It’s been a shiny, glittering, bright start to the year for gold. Throw in all the usual adjectives because the precious metal is on track for one of its best starts to a year since 1980.
And if history is any guide, gold’s big quarter could be a bullish signal for stocks.
Using Kensho, a tool designed to quantify historical market events, we looked at quarters where gold has jumped 10 percent or more since 1990. There have been nine non-overlapping occasions.
The stats don’t offer much when it comes to gold’s record itself after a stellar quarter. Six months later, it’s higher only about half the time. So betting on a continued rise has been no better than a coin toss.

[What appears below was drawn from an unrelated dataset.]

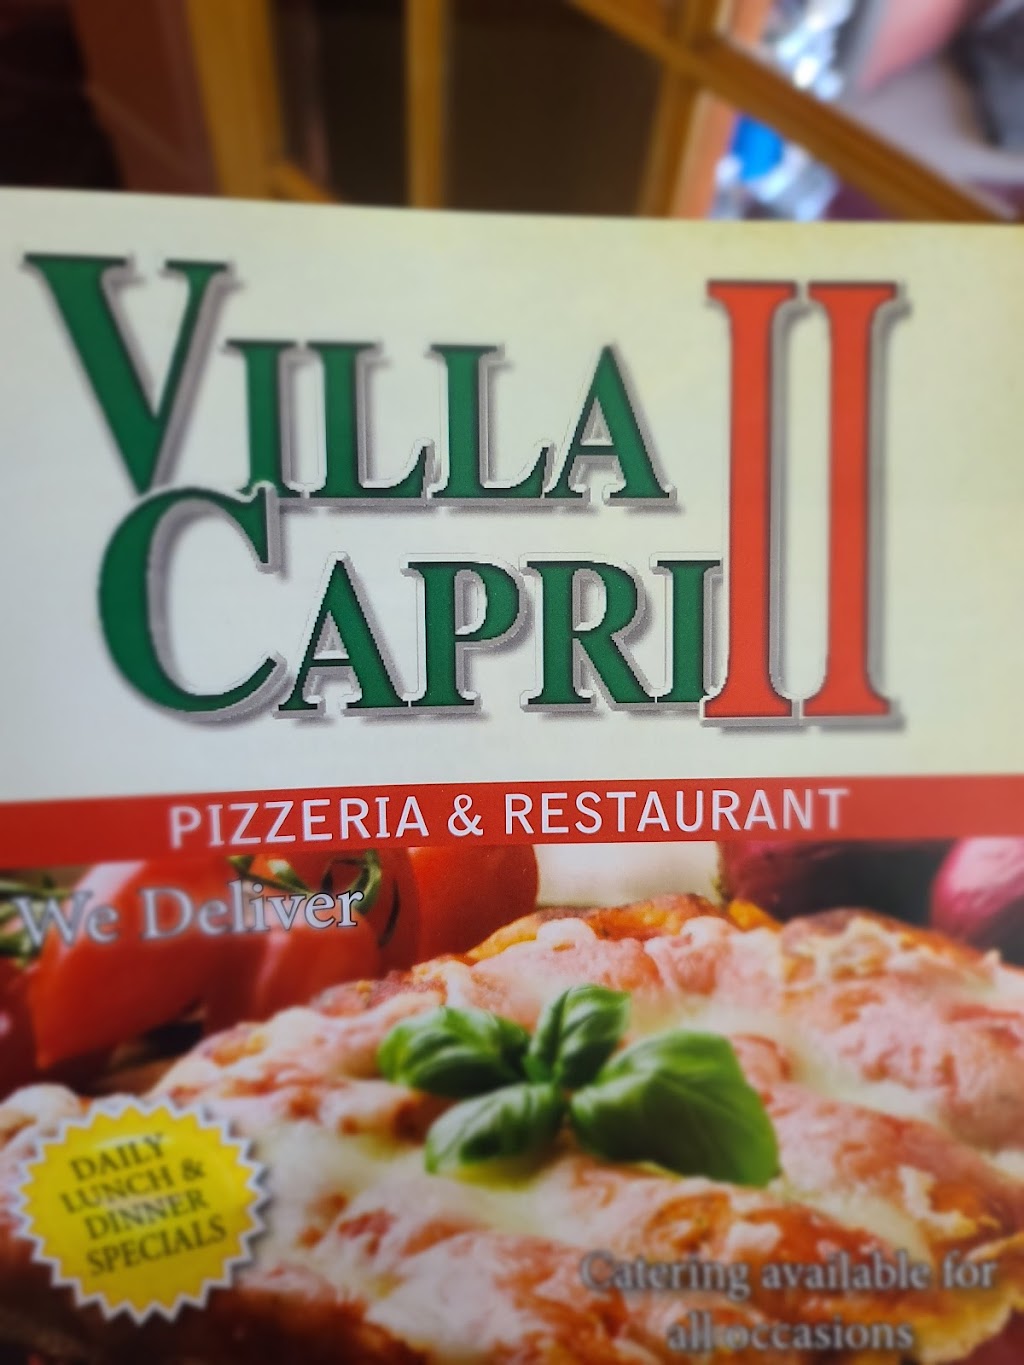 Villa Capri II | 270 S Sparta Ave #102, Sparta Township, NJ 07871 | Phone: (973) 729-6654

But where it gets interesting is what’s happened next to stocks.
Six months later, the major U.S. benchmarks have reliably climbed higher. The gain for equities may suggest that after a big quarter for gold — traditionally seen as a safety place — investors are ready to put some risk back on the table.
Indeed, the relatively riskier indexes, the Nasdaq Composite and small cap Russell 2000, have outperformed the S&P500 and blue chip Dow Industrials. All four have traded positive in seven of nine instances.
The best performing sector half a year later has been energy. It has traded positive in every occasion and returned more than 10 percent on average. The materials and technology sectors have been good bets as well.
And it’s not just U.S. stocks that typically gain after a gold rush. In Europe, Germany’s DAX index has been a big winner, gaining 11.5 percent on average, while in Asia, Hong Kong’s Hang Seng has returned more than 13 percent on average.
Gold may be the standout so far this year. But history suggests it may yet be equities’ time to shine.